Inline steps with .then()
Use .then() to add a step without defining a method. Parameter names are matched against context labels, just like @step methods.
def create_api_token(user):
return Token.objects.create(user=user)
scene = (
account_arrange
.register()
.verified()
.then("token", create_api_token)
.arrange()
)
user = scene.user
token = scene.token
Works with lambdas too — the parameter name is the injection key:
scene = (
account_arrange
.register()
.then("email", lambda user: user.email)
.arrange()
)
Teardown
Override teardown on your Arrange to clean up resources. This is where you handle cleanup that Django's transaction rollback can't cover — polymorphic model deletion, external service state, file cleanup.
class AccountArrange(Arrange):
@step("user")
def register(self, email="user@example.com"):
return register_user(email=email)
def teardown(self, scene):
scene.user.delete()
Use the context manager to guarantee teardown runs, even if the test crashes:
with account_arrange.register().arrange() as scene:
user = scene.user
# ... test ...
# teardown runs automatically on exit
You can also call scene.teardown() manually if you prefer explicit control.
Typed Scene
By default, scene.user returns Any. For full IDE autocomplete and type checking, declare a SceneType on your Arrange:
from pyrrange import Arrange, Scene, step
class AccountArrange(Arrange):
class SceneType(Scene):
user: User
api_client: APIClient
@step("user")
def register(self, email="user@example.com") -> User:
return register_user(email=email)
@step("api_client")
def with_client(self, user: User) -> APIClient:
return create_client(user)
When SceneType is declared, .arrange() returns an instance of that subclass. Your IDE sees scene.user as User and scene.api_client as APIClient.

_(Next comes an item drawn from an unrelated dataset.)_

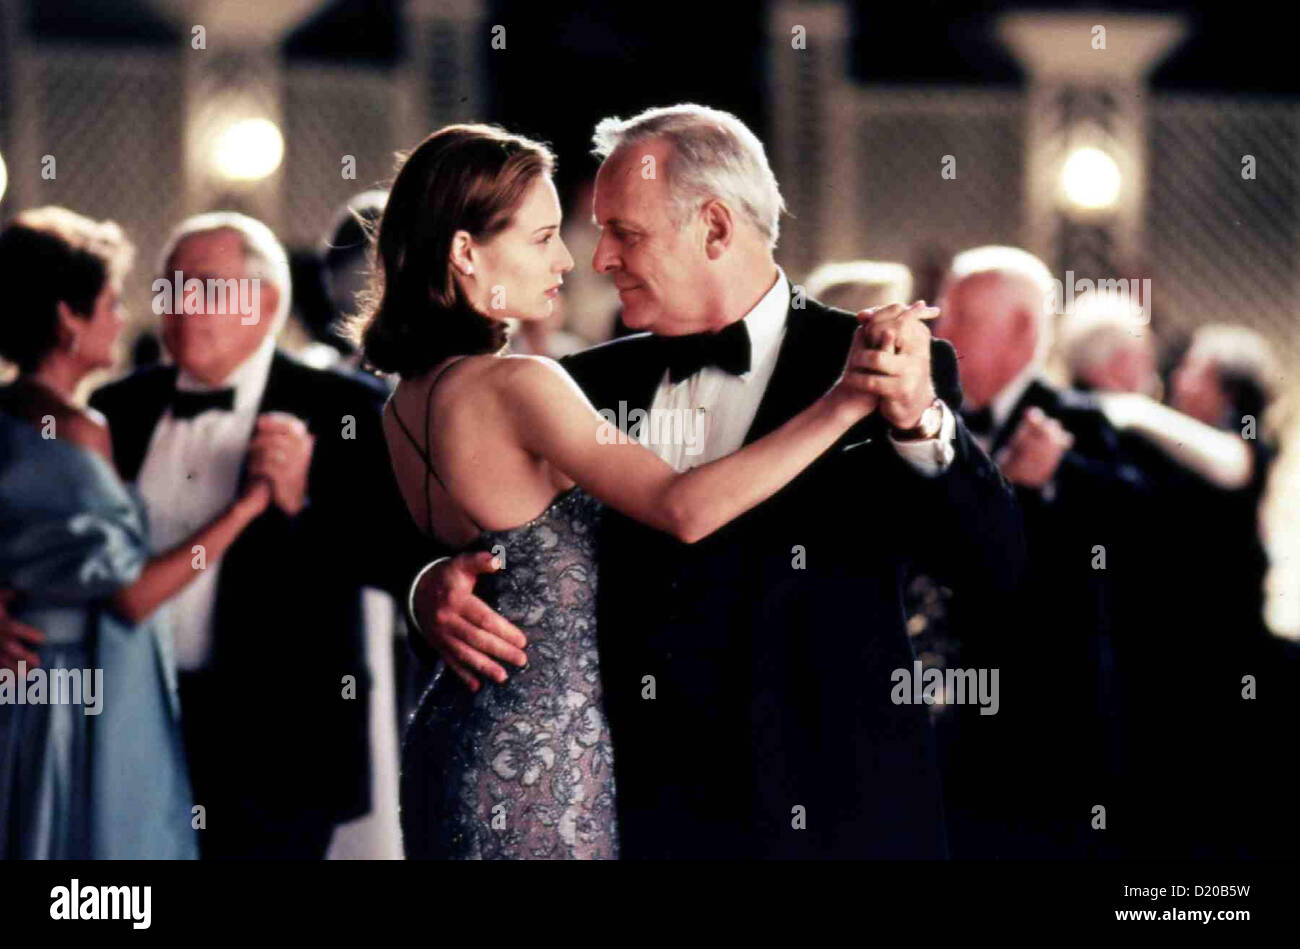 SS3560609) Movie picture of Claire Forlani buy celebrity photos

SceneType is optional — without it, attribute access still works but returns Any. Both scene.user and scene["user"] are always available.
Chain shortcuts
For common step combinations, define convenience methods on your Arrange:
class AccountArrange(Arrange):
@step("user")
def register(self, email="user@example.com"):
...
@step("user")
def verified(self, user):
...
@step("api_client")
def with_authenticated_client(self, user):
...
def authenticated(self):
return self.register().verified().with_authenticated_client()
# In tests:
scene = account_arrange.authenticated().arrange()
These are plain Python methods — no framework magic.